Wpis z mikrobloga

@arniszwarz kup jakąś używana 600tke i nie R6, żeby Cię tak nie angażowała moc i pozycja. Masz się nauczyć jeździć i skręcać. Hornet 600, FZ6, Bandit. I tak to piękne moto będzie leżeć, bo ma dwa koła, jeśli nie leżało to patrz punkt pierwszy.
@arniszwarz: nie kupuje ani 1000 ani 600 na pierwszy moto. kup sobie jakiegos gowno chinczyka i za rok czy za dwa zmienisz na cos lepszego. ja na pierwszy moto kupilem litra i sie wylozylem naprawa za same uzywane czesci juz przekroczyla 10k.

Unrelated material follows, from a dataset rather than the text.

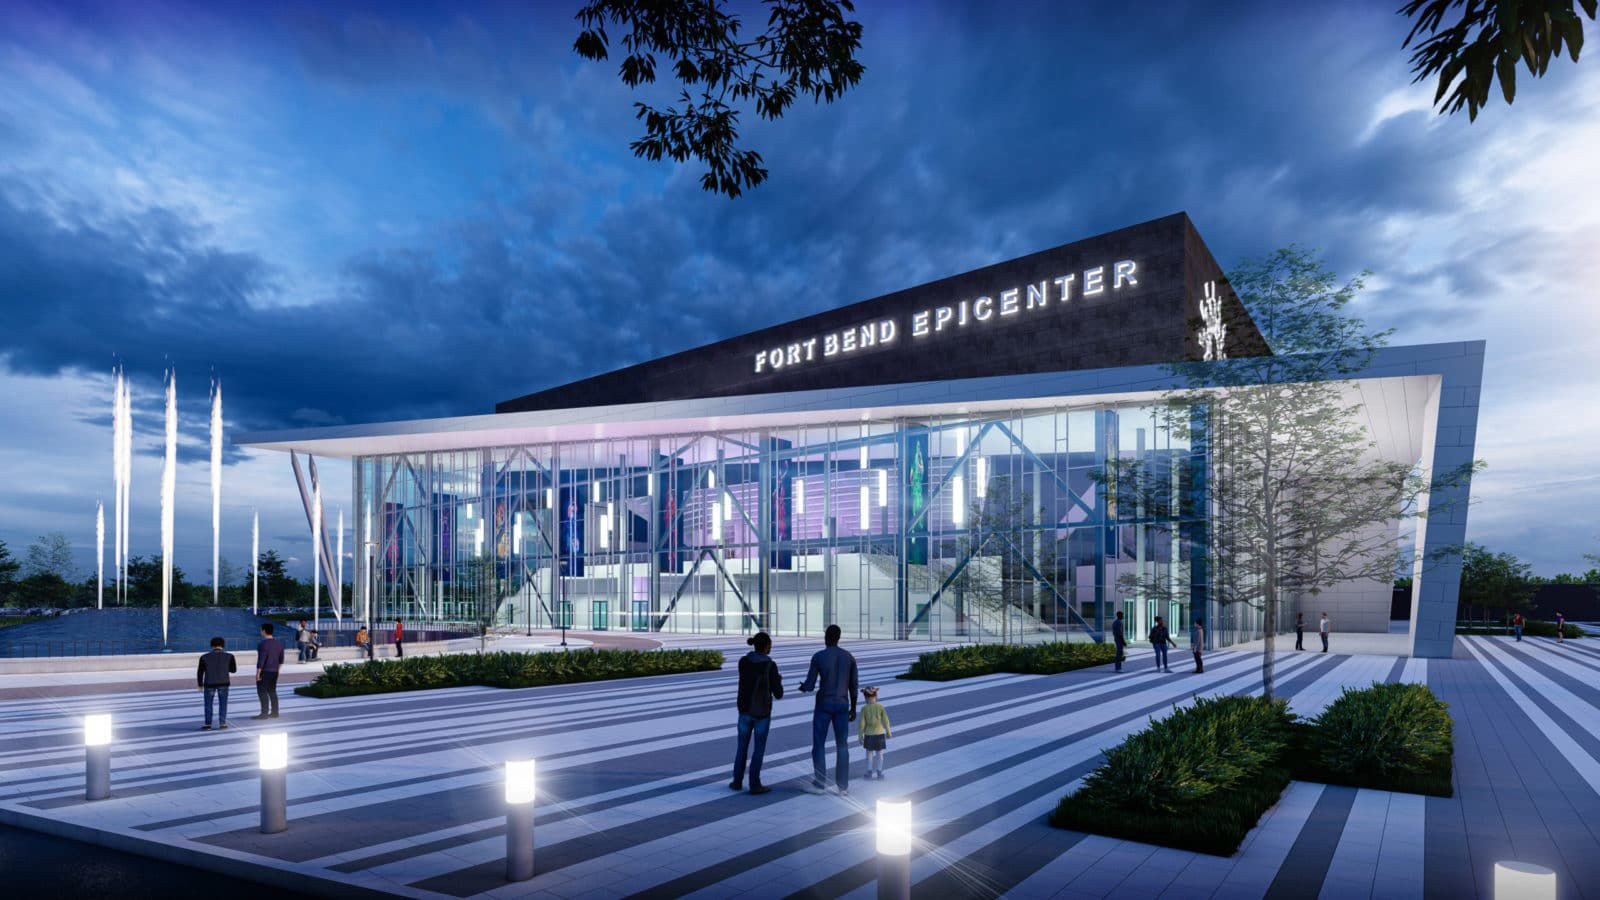 Rendering of the Fort Bend Epicenter, Fort Bend County's newest event center

@xspeditor I to naprawdę byłem początkujący, jedynie egzamin, w 2010 roku na kat. A była Honda Varadero 125 czyli jak skuter a wcześniej jakieś pierdziawki gdzieś w terenie. Zatem sportem jeździłem bardzo powoli jak skuterem ale dobrze mi się jeździło, dopiero z czasem zacząłem mocniej odkręcać :)
@arniszwarz: Fz6 to od 2004 roku i za dychę można mieć fajna sztukę. Miełem fz6 n i była super. Świetny silnik, można było jeździć spokojnie, albo kręcić do nastu tysięcy gdzie był mega ogień. lekki i niski przez co fajnie składał sie zakręty. Z minusów to słabawe hamulce i miekkie przednie zawieszenie (utwardziłem olejem). Ta kawa to drogi sprzęt bo świeży.